200603713/1.
Datum uitspraak: 17 januari 2007
AFDELING
BESTUURSRECHTSPRAAK
Uitspraak in het geding tussen:
[appellanten], wonend te [woonplaats],
het college van gedeputeerde staten van Gelderland,
verweerder.
Bij besluit van 26 februari 2004 heeft de gemeenteraad van Ruurlo, thans Berkelland, op voorstel van het college van burgemeester en wethouders van 29 januari 2004, het bestemmingsplan "Slootsdijk 2/Hillebrandsweg" vastgesteld.
Verweerder heeft bij zijn besluit van 3 augustus 2004, kenmerk RE2004.24952, beslist over de goedkeuring van het bestemmingsplan.
De Afdeling heeft het besluit van 3 augustus 2004 bij uitspraak van 4 mei 2005, in zaak no.
200407948/1, gedeeltelijk vernietigd.
Verweerder heeft bij zijn besluit van 28 maart 2006, kenmerk RE2005.31861 opnieuw beslist over de goedkeuring van het bestemmingsplan.
Tegen dit besluit hebben appellanten bij brief van 18 mei 2006, bij de Raad van State ingekomen op 19 mei 2006, beroep ingesteld. De gronden zijn aangevuld bij brief van 23 juli 2006.
Bij brief van 27 juli 2006 heeft verweerder een verweerschrift ingediend.
De zaak is door een meervoudige kamer van de Afdeling verwezen naar een enkelvoudige.
De Afdeling heeft de zaak ter zitting behandeld op 15 december 2006, waar appellanten in persoon en verweerder, vertegenwoordigd door mr. V.C.E. Wattenberg, ambtenaar van de provincie, zijn verschenen.
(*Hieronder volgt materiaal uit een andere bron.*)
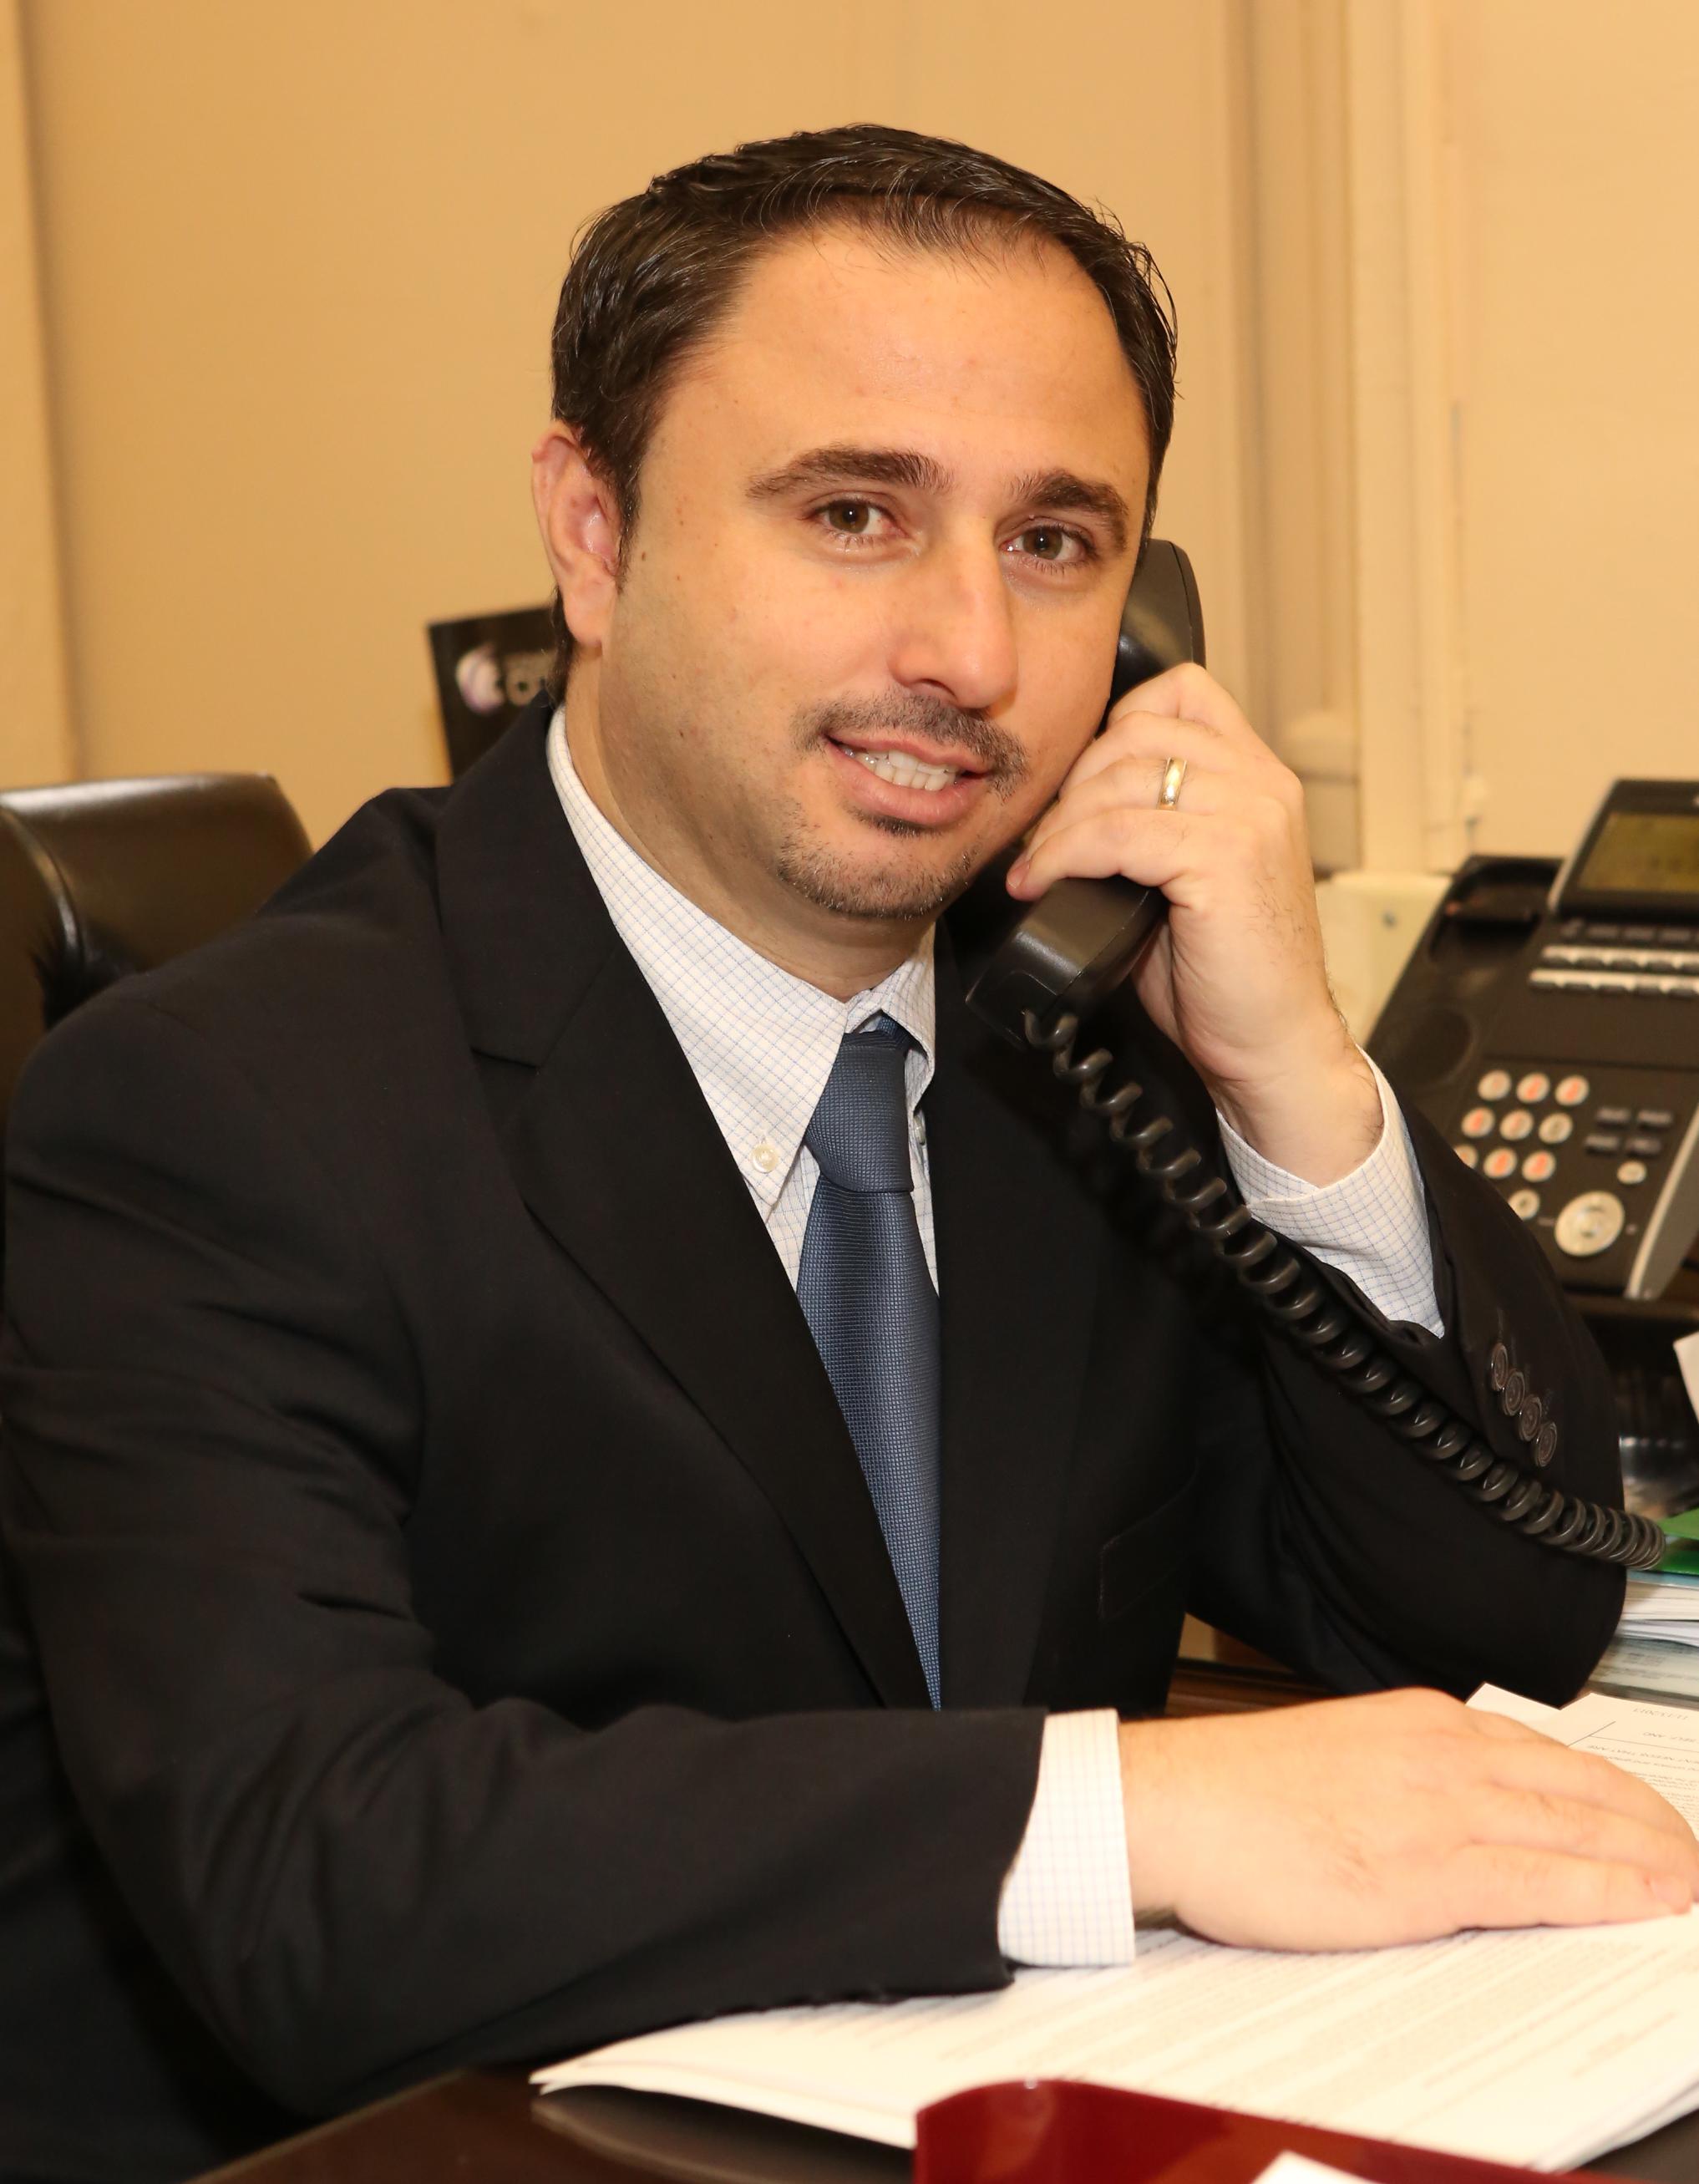 Robert Ciulla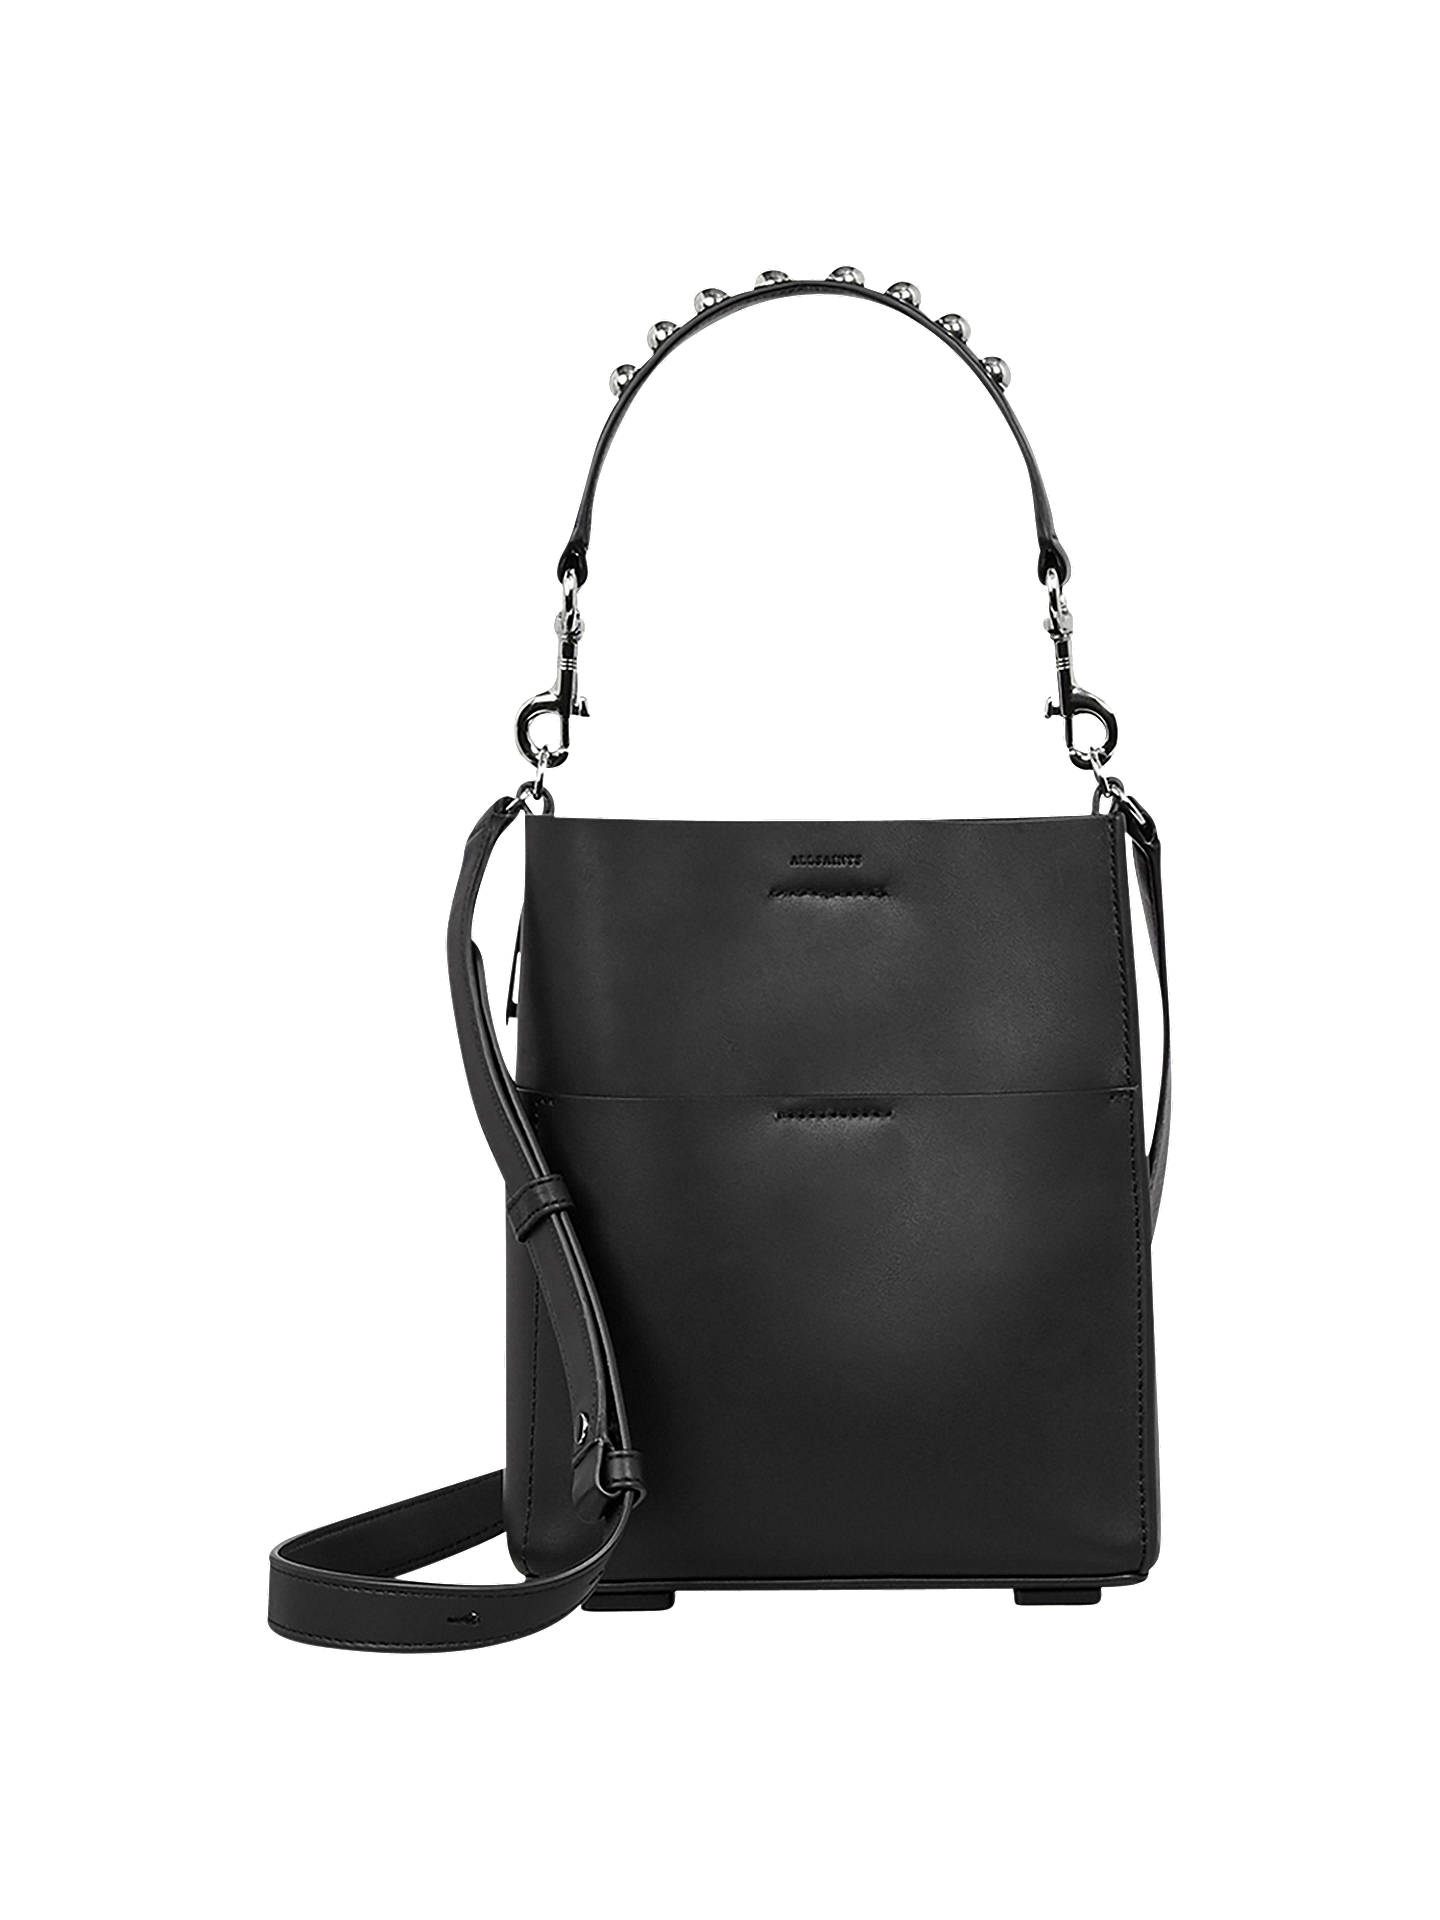 910ddec13 Buy AllSaints Suzi Mini Leather Tote Bag, Black Online at johnlewis.com ...

Voorts zijn de gemeenteraad van Berkelland, vertegenwoordigd door G.J. Hans, ambtenaar van de gemeente, en [partijen], in de persoon van [gemachtigde], als partij gehoord.
2.1. Op 1 juli 2005 zijn de Wet uniforme openbare voorbereidingsprocedure Awb en de Aanpassingswet uniforme openbare voorbereidingsprocedure Awb in werking getreden. Uit het daarbij behorende overgangsrecht volgt dat het recht zoals dat gold vóór de inwerkingtreding van deze wetten op dit geding van toepassing blijft.
2.2. Aan de orde is een geschil inzake een besluit omtrent de goedkeuring van een bestemmingsplan. Ingevolge artikel 28, tweede lid, van de Wet op de Ruimtelijke Ordening in samenhang met artikel 10:27 van de Algemene wet bestuursrecht rust op verweerder de taak om - in voorkomend geval mede op basis van de ingebrachte bedenkingen - te bezien of het plan niet in strijd is met een goede ruimtelijke ordening. Daarbij dient hij rekening te houden met de aan de gemeenteraad toekomende vrijheid om bestemmingen aan te wijzen en voorschriften te geven die de raad uit een oogpunt van een goede ruimtelijke ordening nodig acht. Daarnaast heeft verweerder er op toe te zien dat het plan en de totstandkoming daarvan niet in strijd zijn met het recht.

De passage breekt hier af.